Romans autobiographiques

 

            Si l’on s’en tient à la définition de Lejeune et aux conditions qu’elle comporte, il semble envisageable de faire entrer Le Calvaire et Sébastien Roch – mais non L’Abbé Jules – dans la catégorie de l’autobiographie : ce sont tous deux des récits rétrospectifs de formation, centrés autour de « la vie individuelle » des personnages et rédigés longtemps après les faits rapportés (dix ans dans l’un, vingt ans dans l’autre, séparent la publication des événements rapportés à la fin du récit). Une différence est cependant à noter : dans Le Calvaire, le récit est de la main même du héros alors que, dans  Sébastien Roch, en dehors des extraits du journal du personnage éponyme, le récit, à la troisième personne, est l’œuvre d’un narrateur inconnu. Mais cette  exception à la règle ne suffit pas, d’après Philippe Lejeune, à lui dénier le qualificatif d’autobiographique, car, après tout, un auteur peut bien se cacher derrière un pseudonyme.
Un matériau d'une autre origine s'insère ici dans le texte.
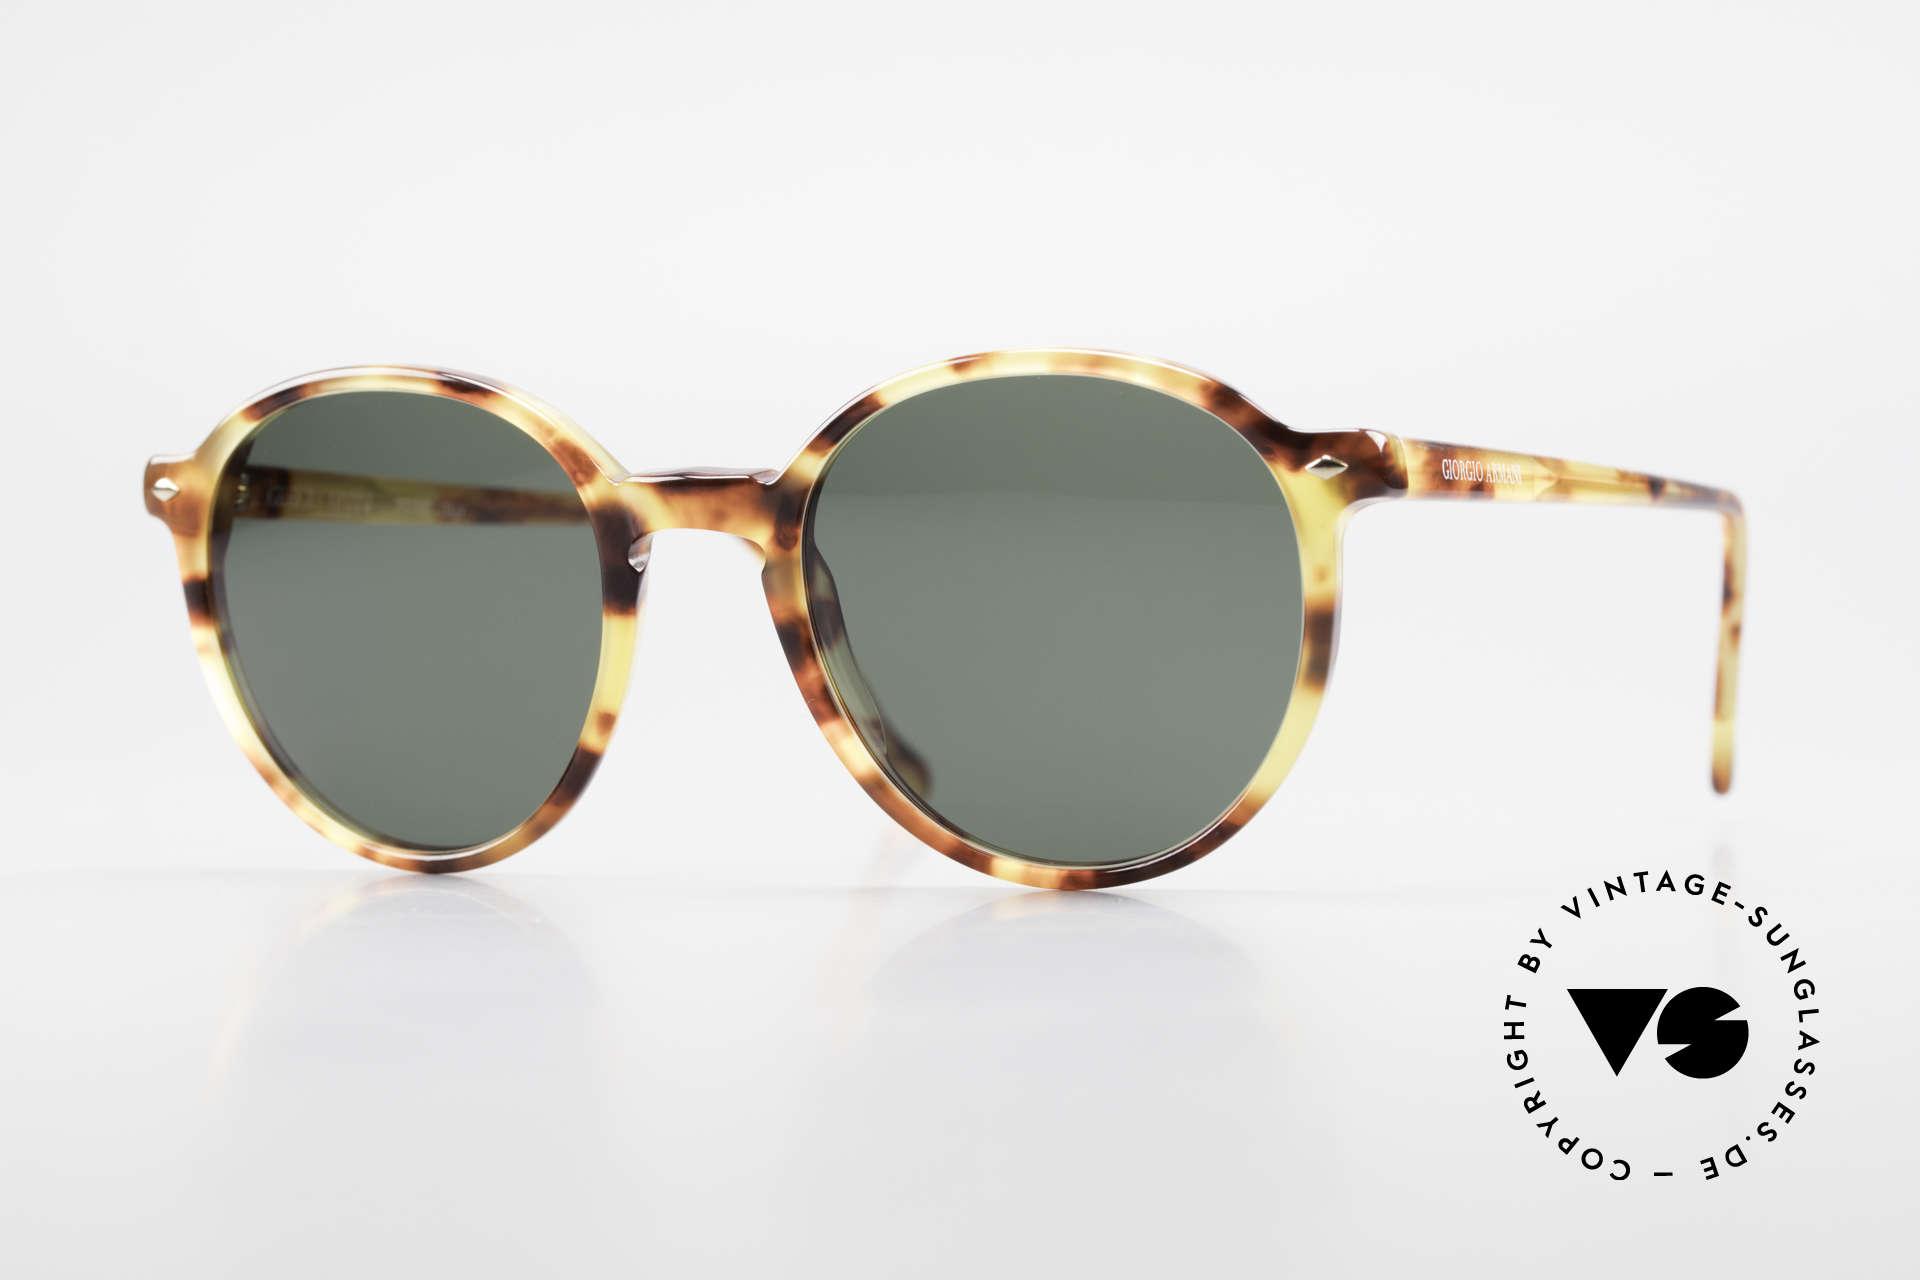 Giorgio Armani 325 Old Panto 90's Sunglasses, timeless vintage Giorgio Armani designer sunglasses, Made for Men and Women
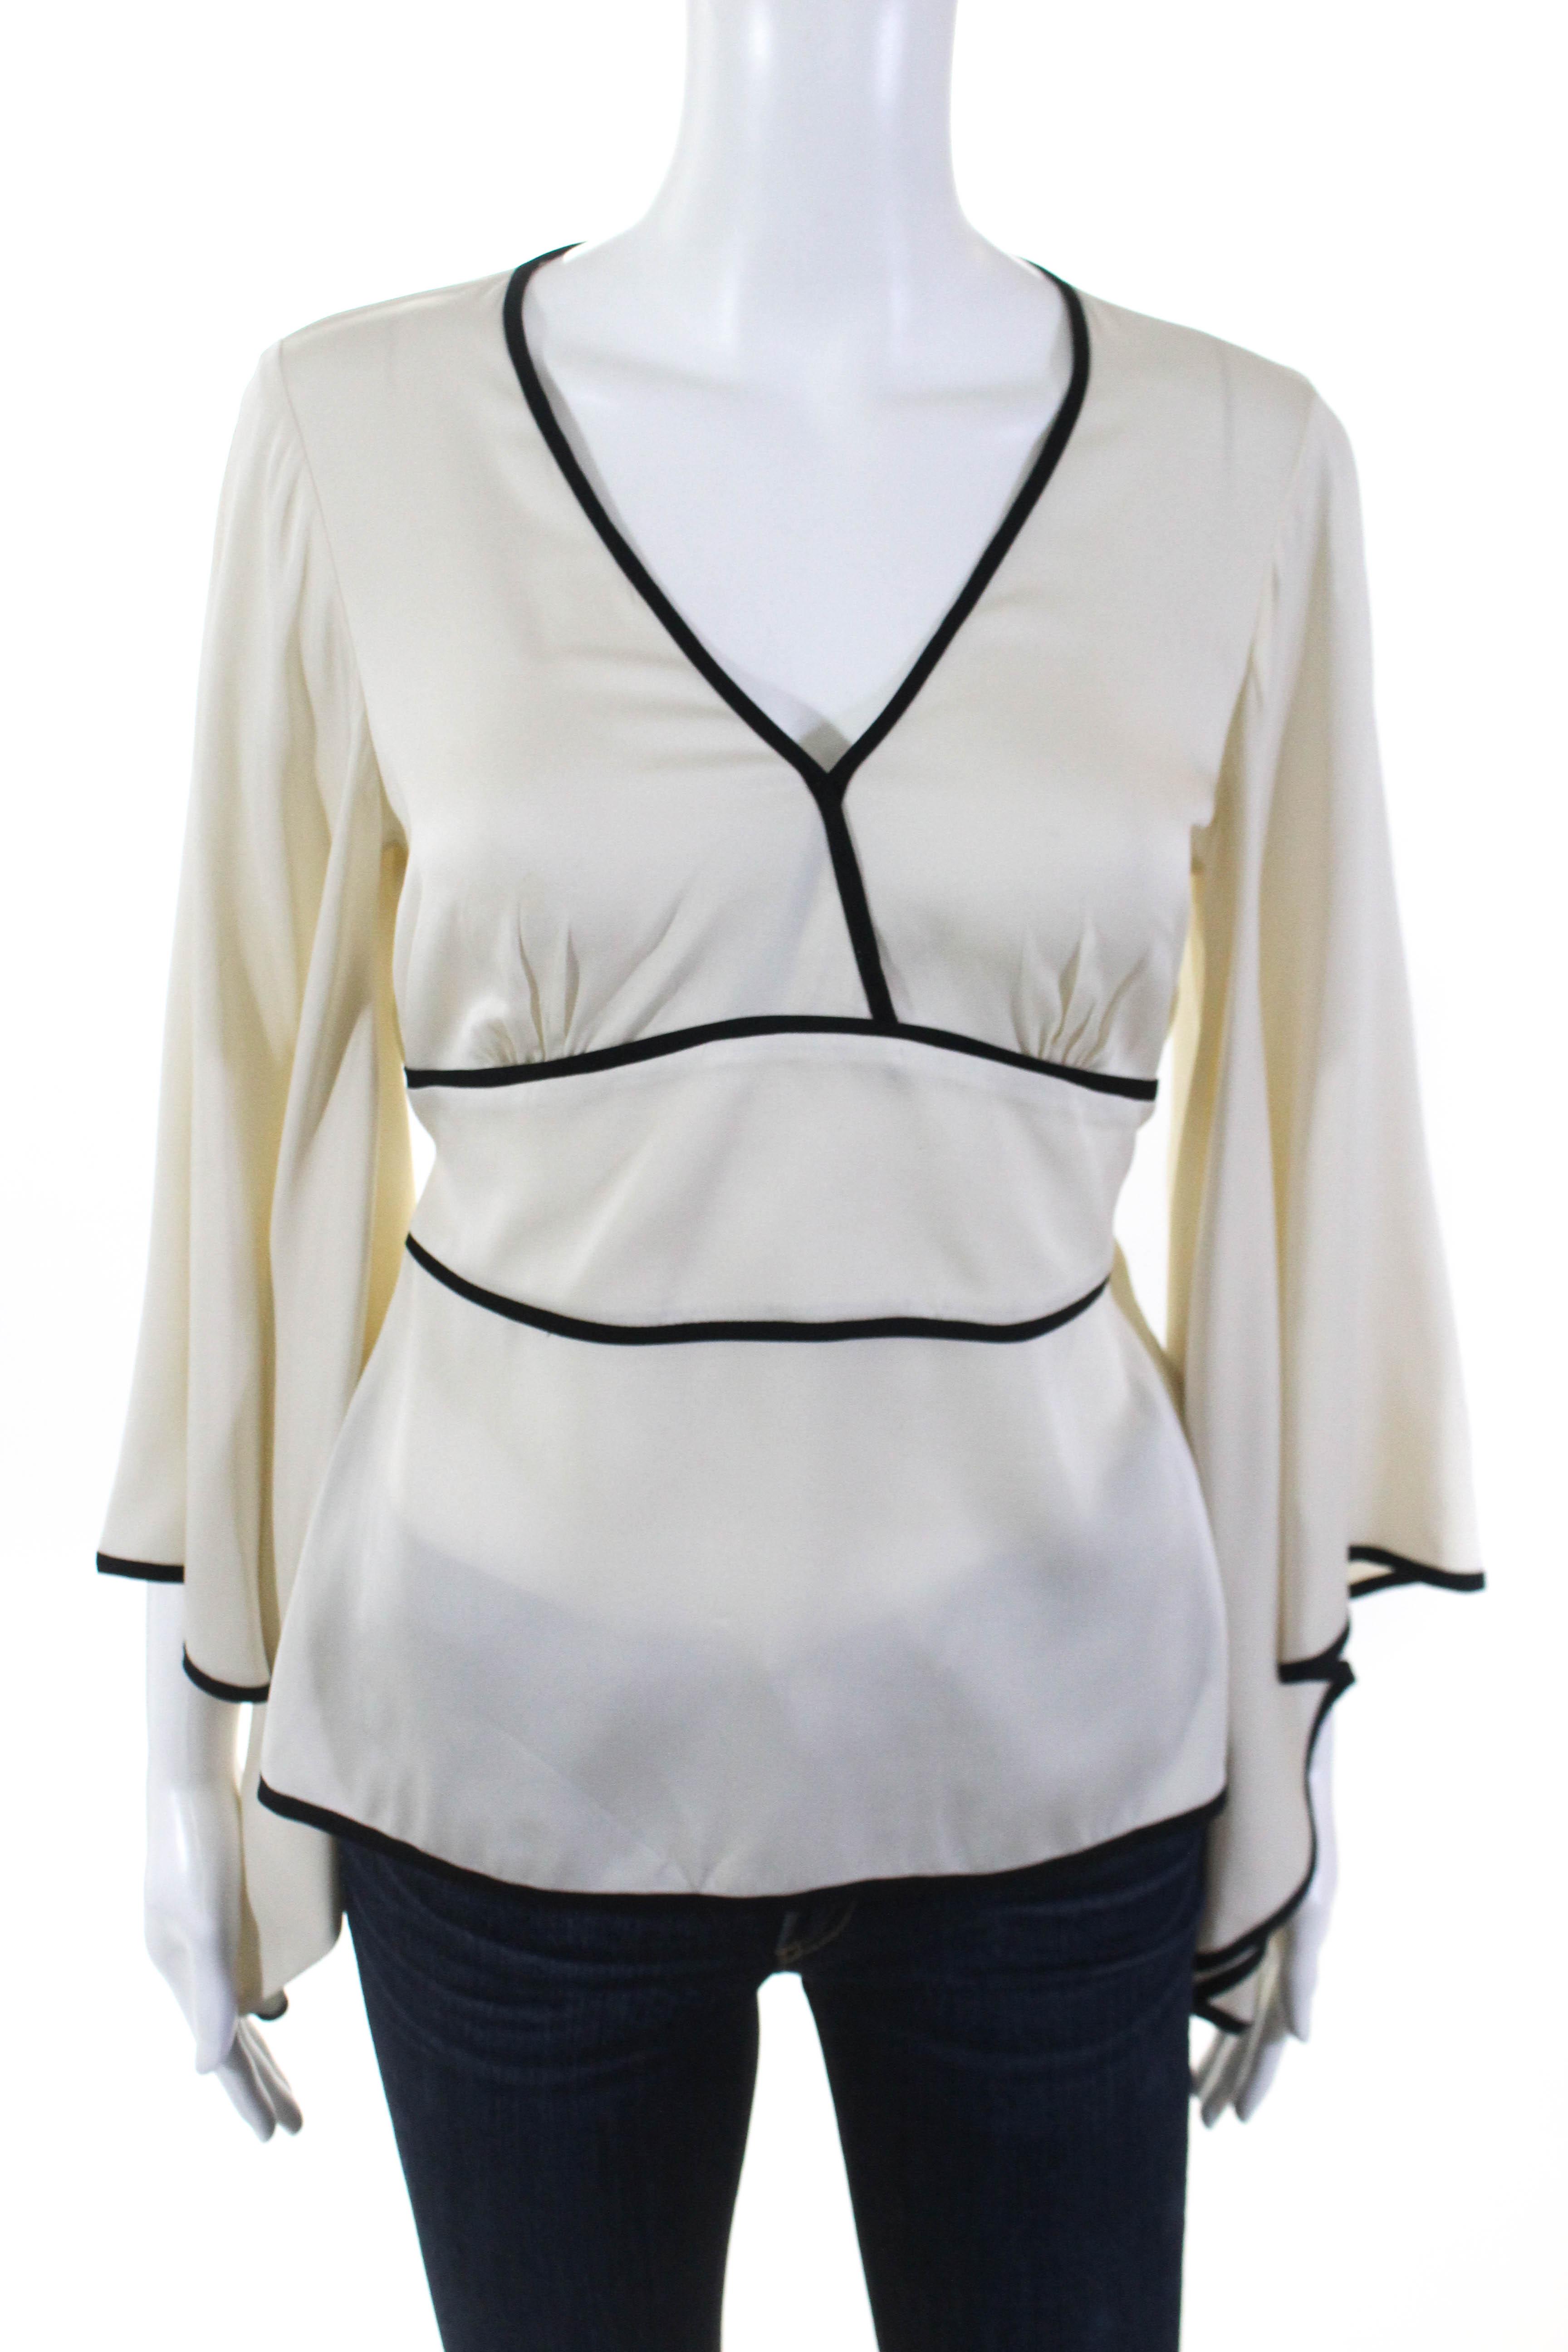 e4cd30cc9e2cc1 Trina Turk Womens Silk V Neck Bell Sleeves Blouse Ivory Black Size Medium

Ce qui, en revanche, pose problème, c’est la « personne réelle » dont la vie est racontée rétrospectivement. Car Jean Mintié et Sébastien Roch sont des personnages fictifs, ce qui devrait, en principe, interdire de qualifier le récit de leurs vies d’autobiographie, à moins de supposer que le romancier a préféré n’avancer que masqué. Nombre de critiques de l’époque, mal intentionnés pour la plupart, se sont d’ailleurs empressés d’identifier Mintié à Mirbeau et d’attribuer à l’auteur les vilenies du personnage... Conception évidemment réductrice et malhonnête, qui fait fi de la création littéraire.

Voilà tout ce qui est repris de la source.